Bug #47818 ndb_mgm reports "not connected" for ndbmtd nodes in phase 1 or phase2
Submitted: 5 Oct 2009 0:08 Modified: 27 Jan 2010 7:39
Reporter: John David Duncan Email Updates:
Status: Closed Impact on me:
None 
Category:MySQL Cluster: Cluster (NDB) storage engine Severity:S3 (Non-critical)
Version:mysql-5.1-telco-6.3 OS:Any
Assigned to: Jonas Oreland CPU Architecture:Any
Tags: 7.0.7

[5 Oct 2009 0:08] John David Duncan
Description:
For some time during node restart -- some part of restart phases 1 and 2 -- an "all status" command from ndb_mgm will falsely report "not connected" 

How to repeat:
Start a cluster and run "all status" repeatedly
[5 Oct 2009 0:08] John David Duncan
sample screen capture during cluster restart

Attachment: mgm-status-bug.txt (text/plain), 6.46 KiB.

[30 Oct 2009 11:32] Geert Vanderkelen
See also bug#48380 (which was marked duplicate of this bug report)

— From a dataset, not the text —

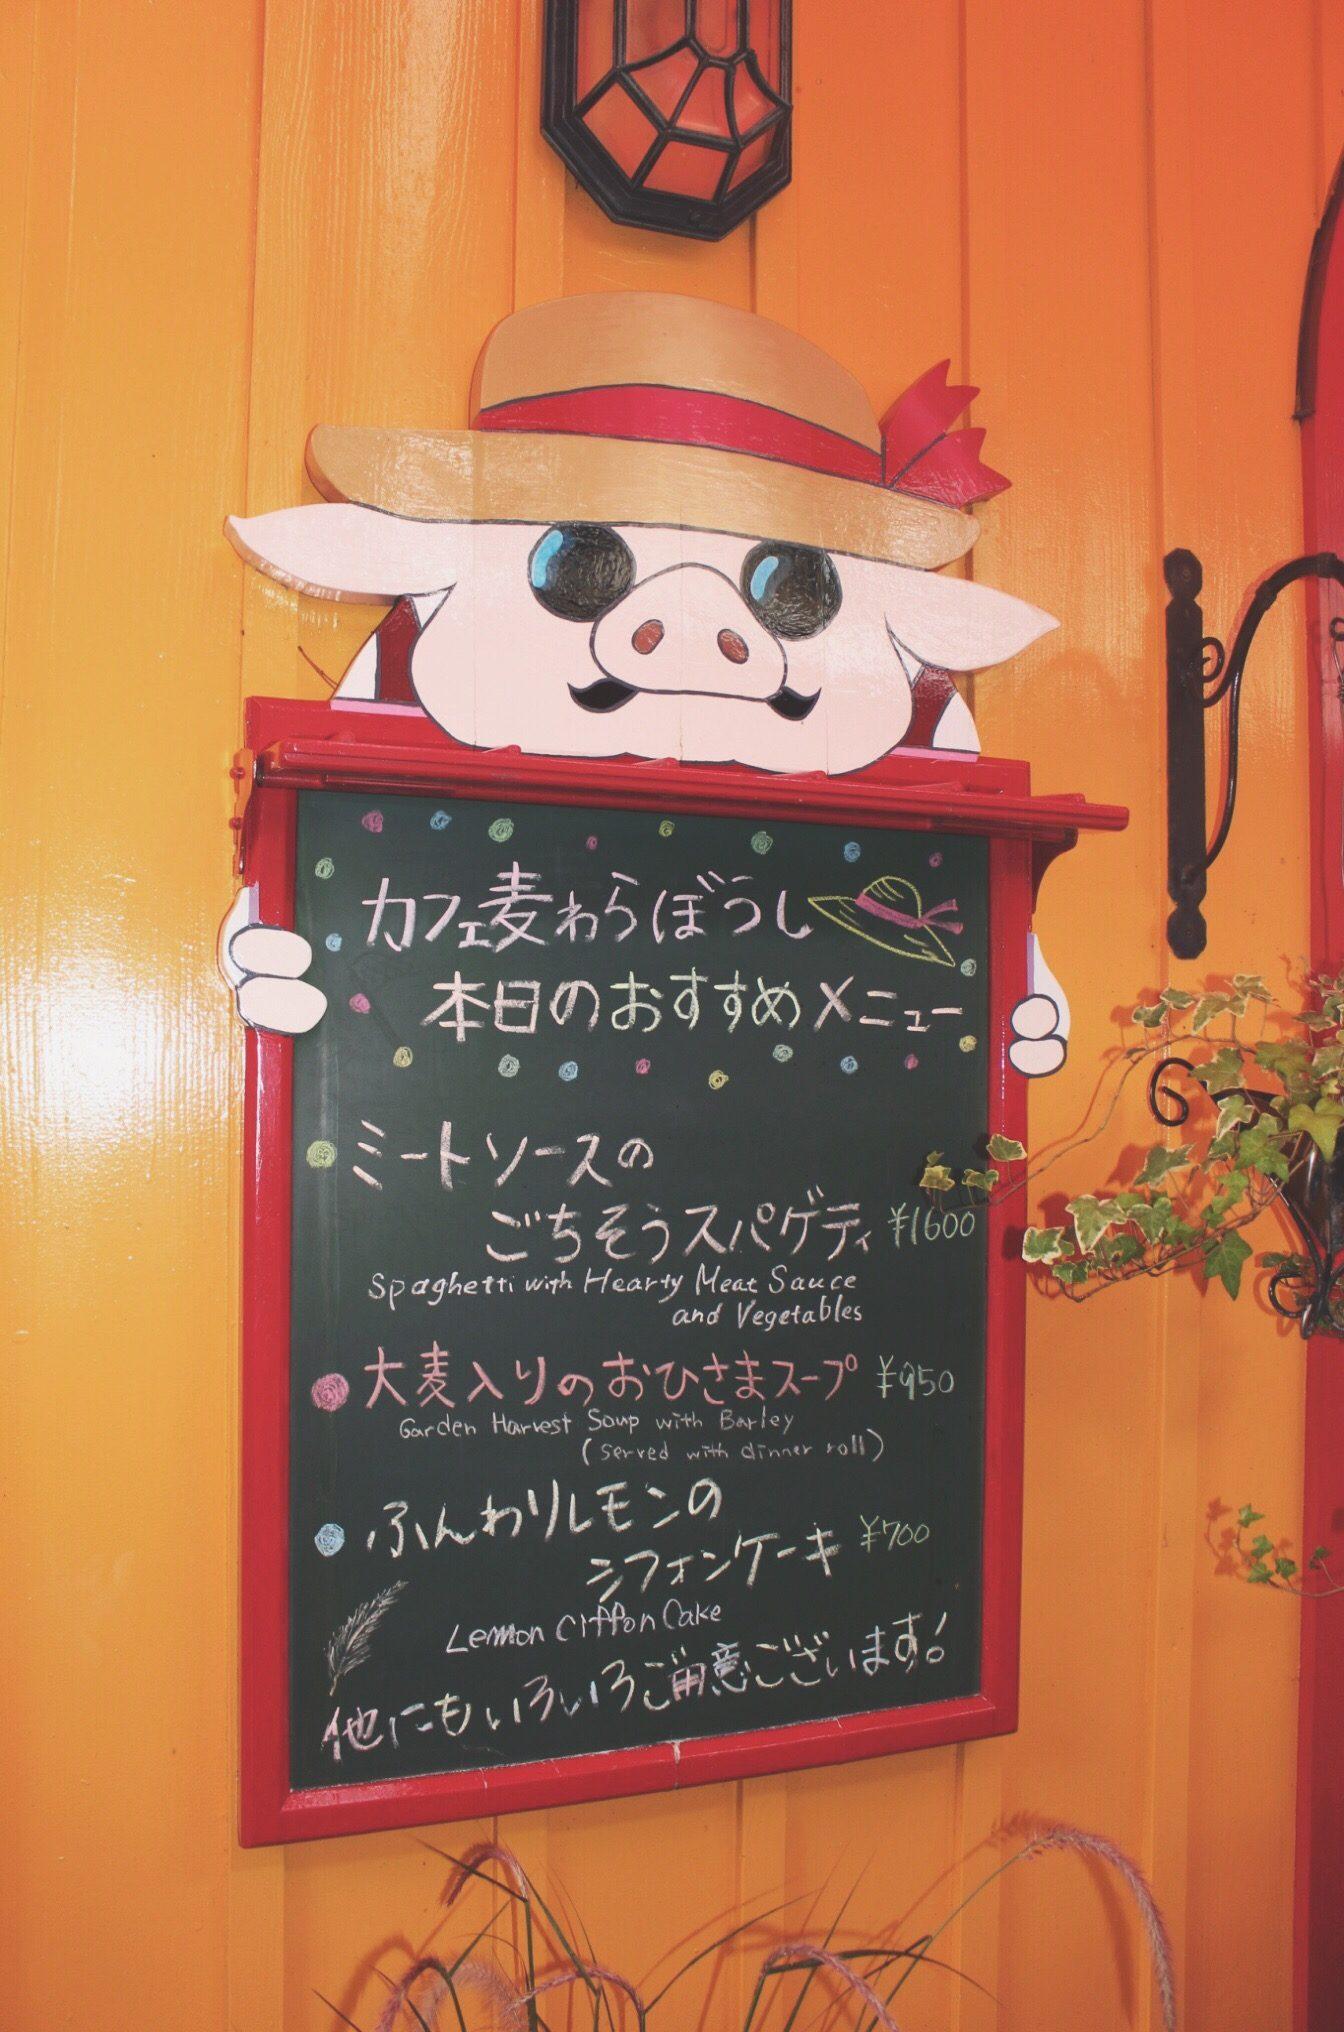 ghibli-museum_cafe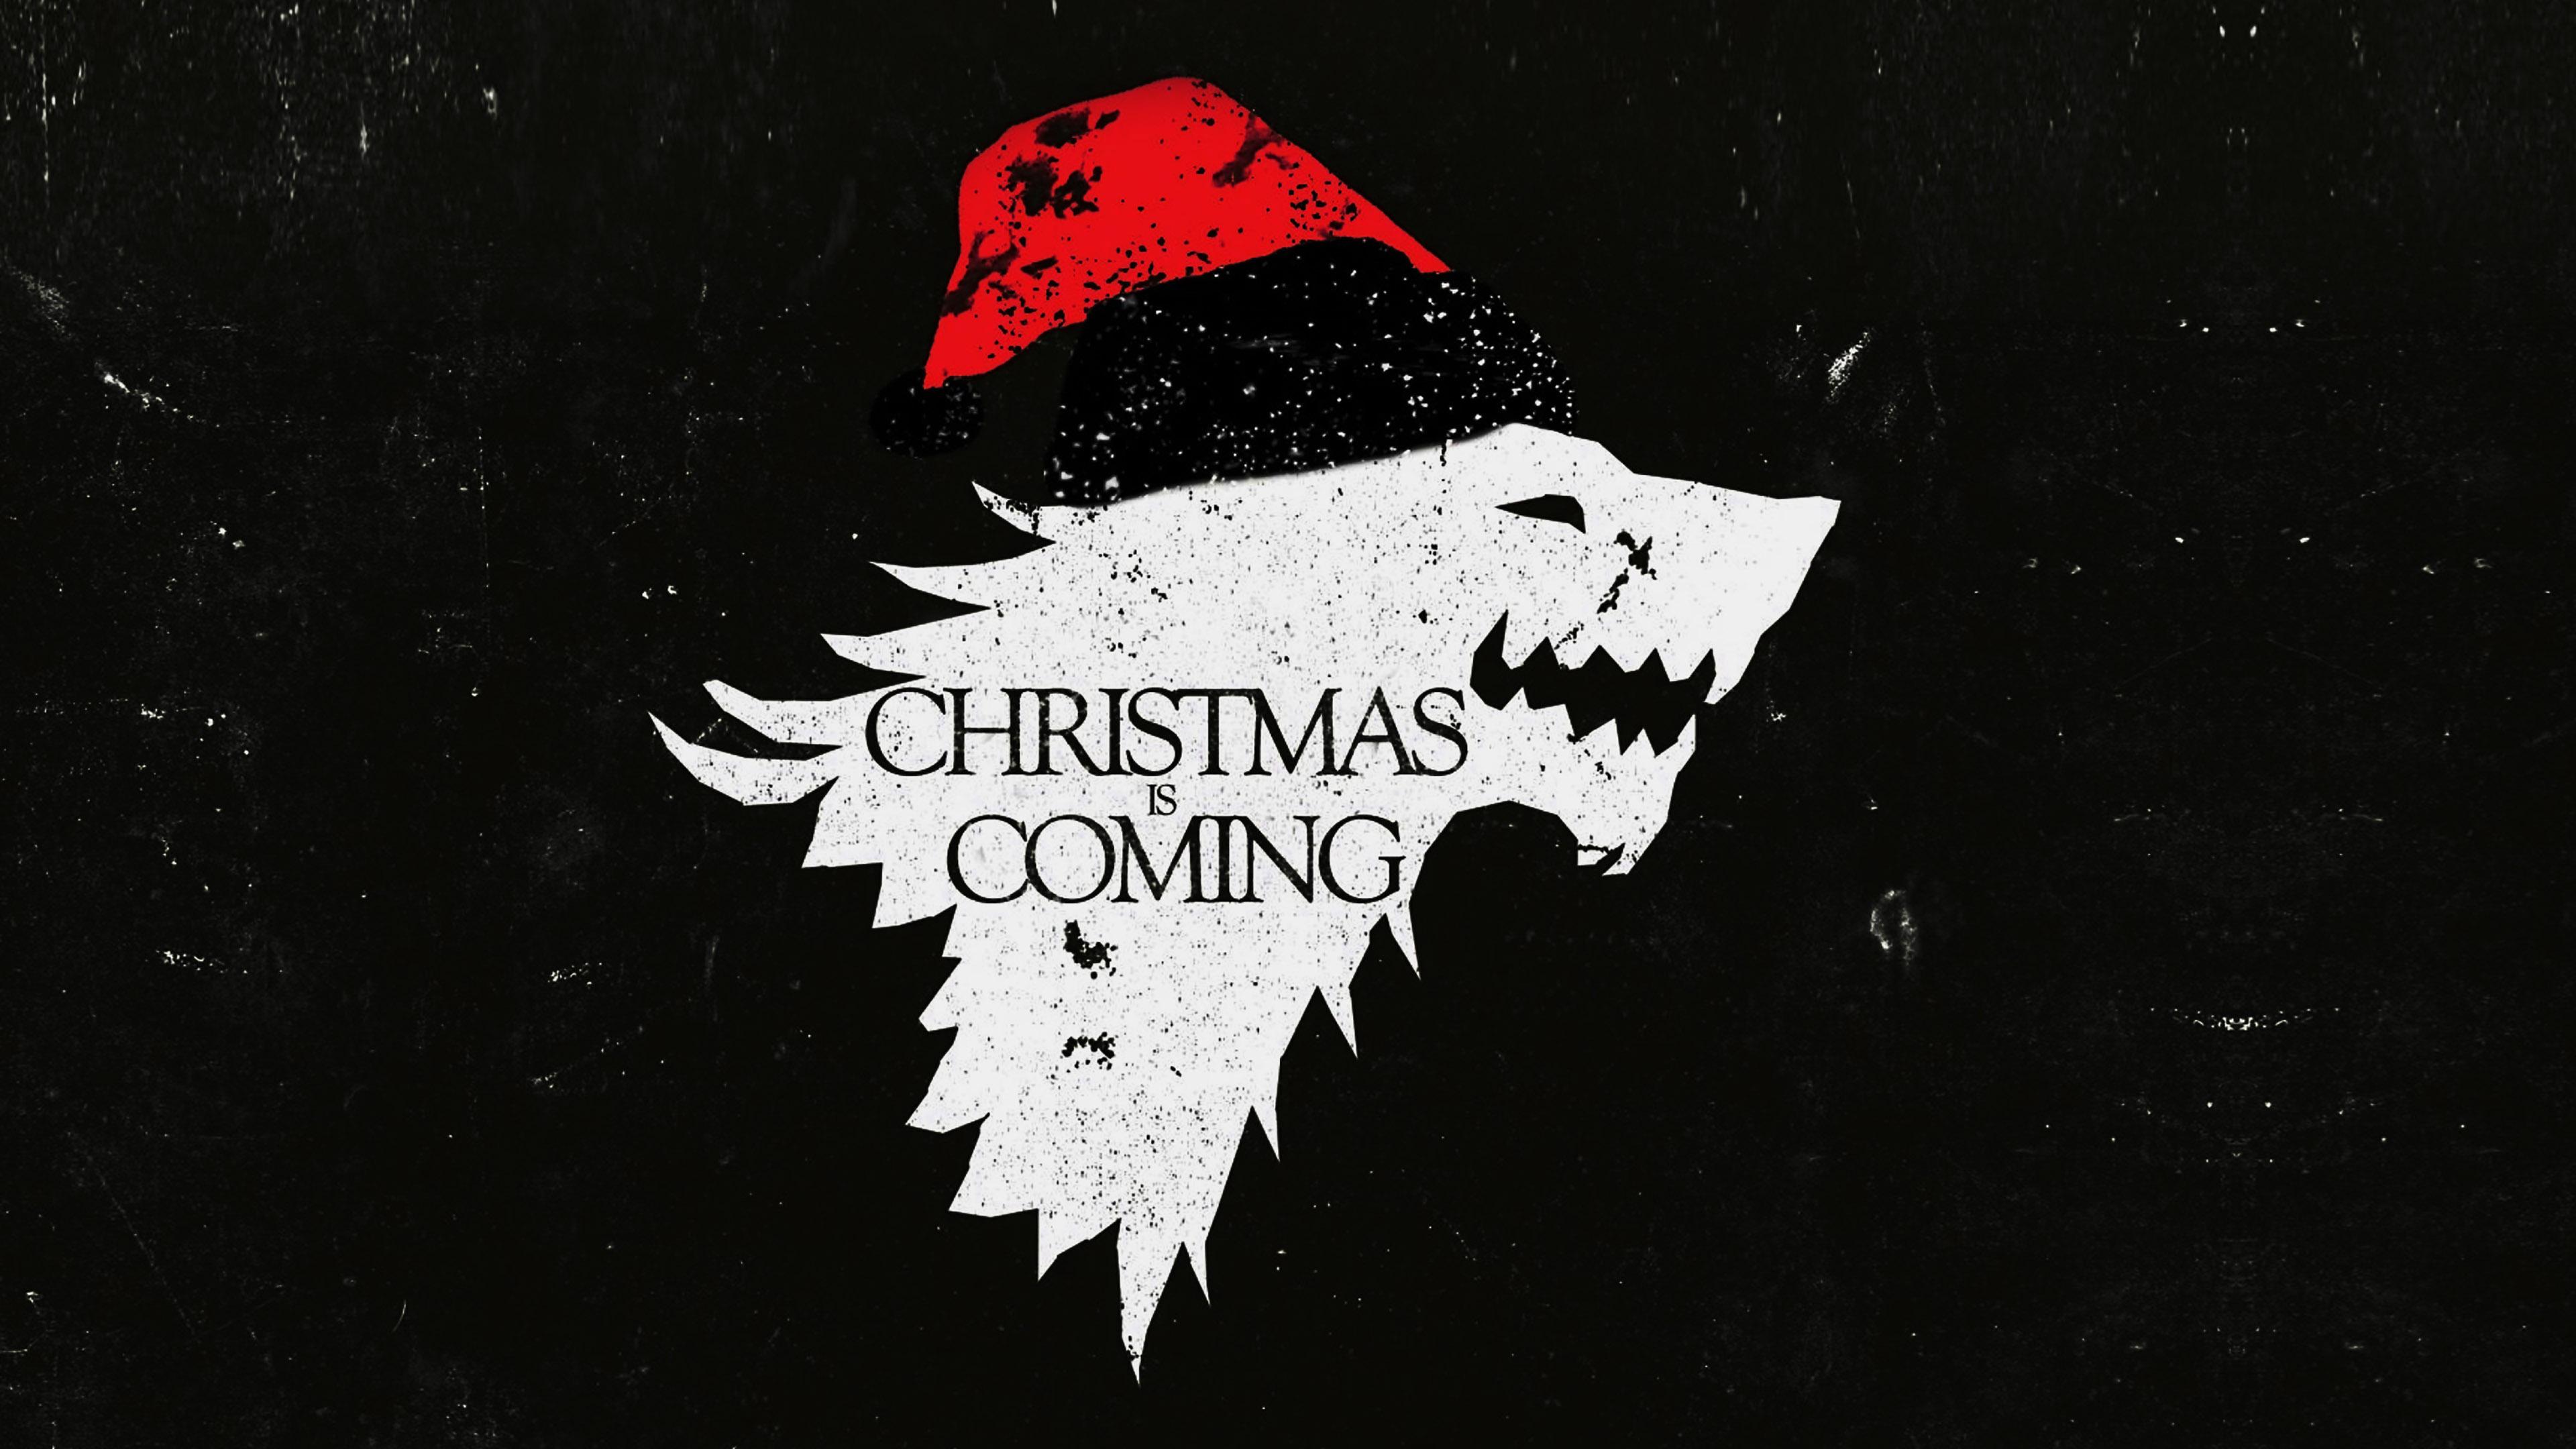 Rainbow Wallpaper Iphone X Ag24 Christmas Is Coming Dark Game Of Thrones Art Wallpaper

Quote from Cluster Development team, Magnus Blaudd:
"After fixing bug#48301, it should be possible to return CONNECTED(which is actually a new status for API and MGM) when asking status for the ndbd.
I.e in the case when node is not connected to ClusterMgr with transporter yet but has
allocated node id."
[22 Jan 2010 11:55] Jonas Oreland
So I just tried to reproduce this on 7.0-bzr, wo/ succeeding.
Can you please retry, and be more specific on how you get this.
and if managing to reproduce, also attach config.ini and cluster log

Setting: Need feedback
[25 Jan 2010 14:32] Jonas Oreland
just managed to reproduce this in 6.3 by using sufficiently large IndexMemory.
proposed patch series solves problem by moving allocation to global memory
and having acc consume it's memory from their during sp0 (instead of doing actual
malloc self)
[25 Jan 2010 15:38] Bugs System
A patch for this bug has been committed. After review, it may
be pushed to the relevant source trees for release in the next
version. You can access the patch from:

  http://lists.mysql.com/commits/98066

3089 Jonas Oreland	2010-01-25
      ndb - bug#47818 - Move allocation of IndexMemory from ACC to allocation with global pool to avoid mallocs in "signal" code which can lead to heartbeat problems
[26 Jan 2010 8:44] Jonas Oreland
pushed to 6.3.31 and 7.0.11
[27 Jan 2010 7:39] Jon Stephens
Dpcumented bugfix in the NDB-6.3.31 and 7.0.11 changelogs as follows:

        During Start Phases 1 and 2, the STATUS command sometimes 
        (falsely) returned 'Not Connected' for data nodes running 
        ndbmtd.

Closed.